We communicate with those charged with governance regarding, among other matters, the
planned scope and timing of the audit and significant audit findings, including any significant
deficiencies in internal control that we identify during our audit.
We also provide those charged with governance with a statement that we have complied with
relevant ethical requirements regarding independence, and to communicate with them all
relationships and other matters that may reasonably be thought to bear on our independence,
and where applicable, actions taken to eliminate threats or safeguards applied.

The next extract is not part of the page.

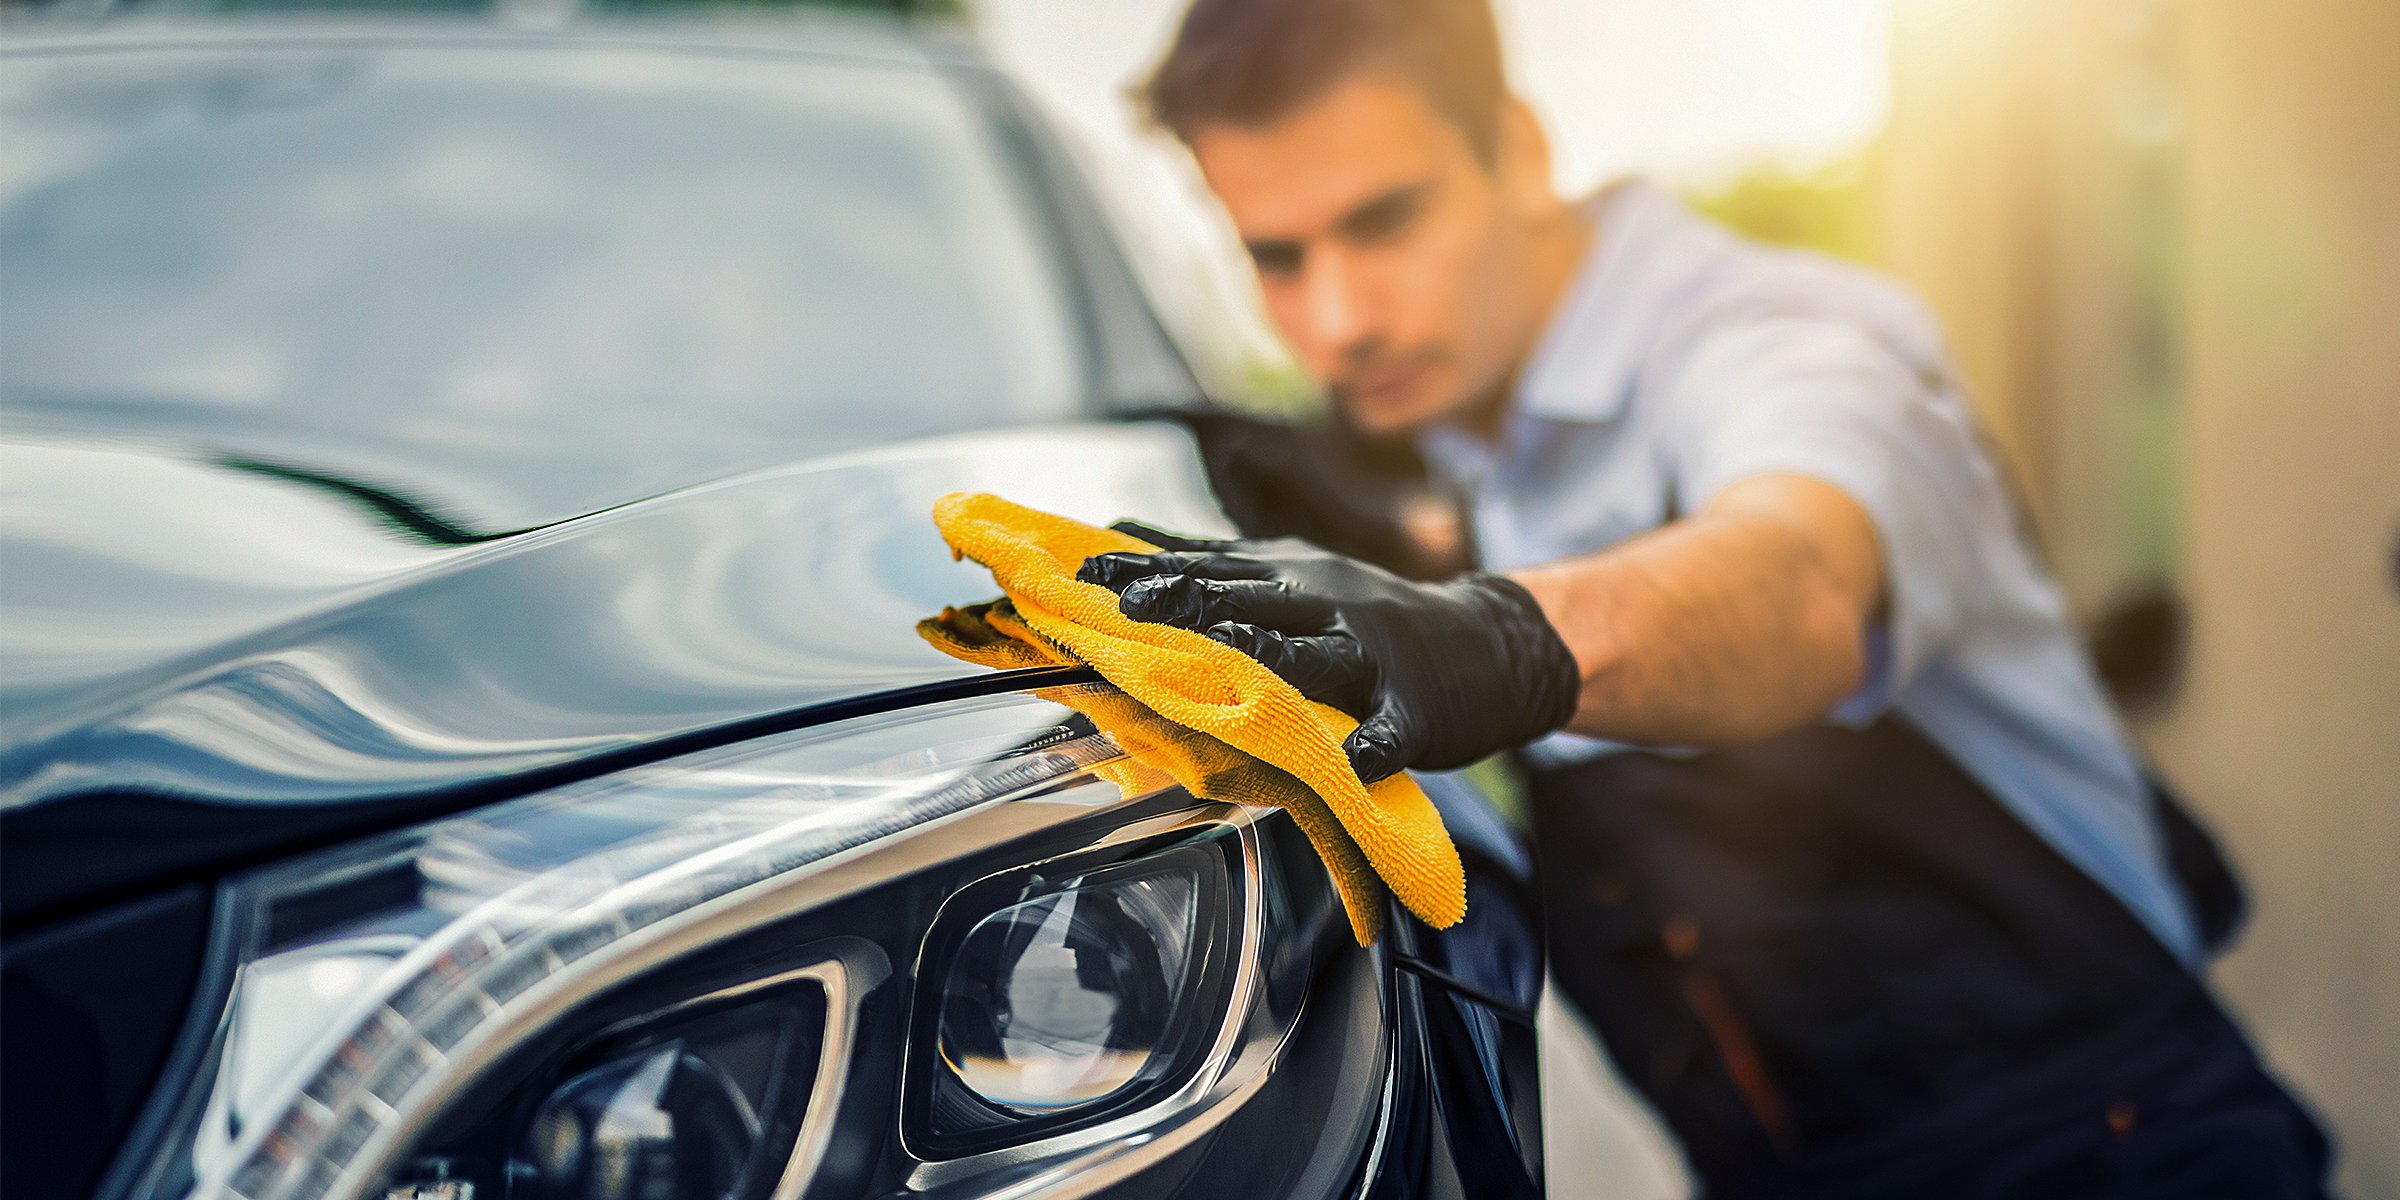 A man polishing a car | Source: Shutterstock

From the matters communicated with those charged with governance, we determine those
matters that were of most significance in the audit of the financial statements of the current
period and are therefore the key audit matters. We describe these matters in our auditor’s
report unless law or regulation precludes public disclosure about the matter or when, in
extremely rare circumstances, we determine that a matter should not be communicated in our
report because the adverse consequences of doing so would reasonably be expected to
outweigh the public interest benefits of such communication.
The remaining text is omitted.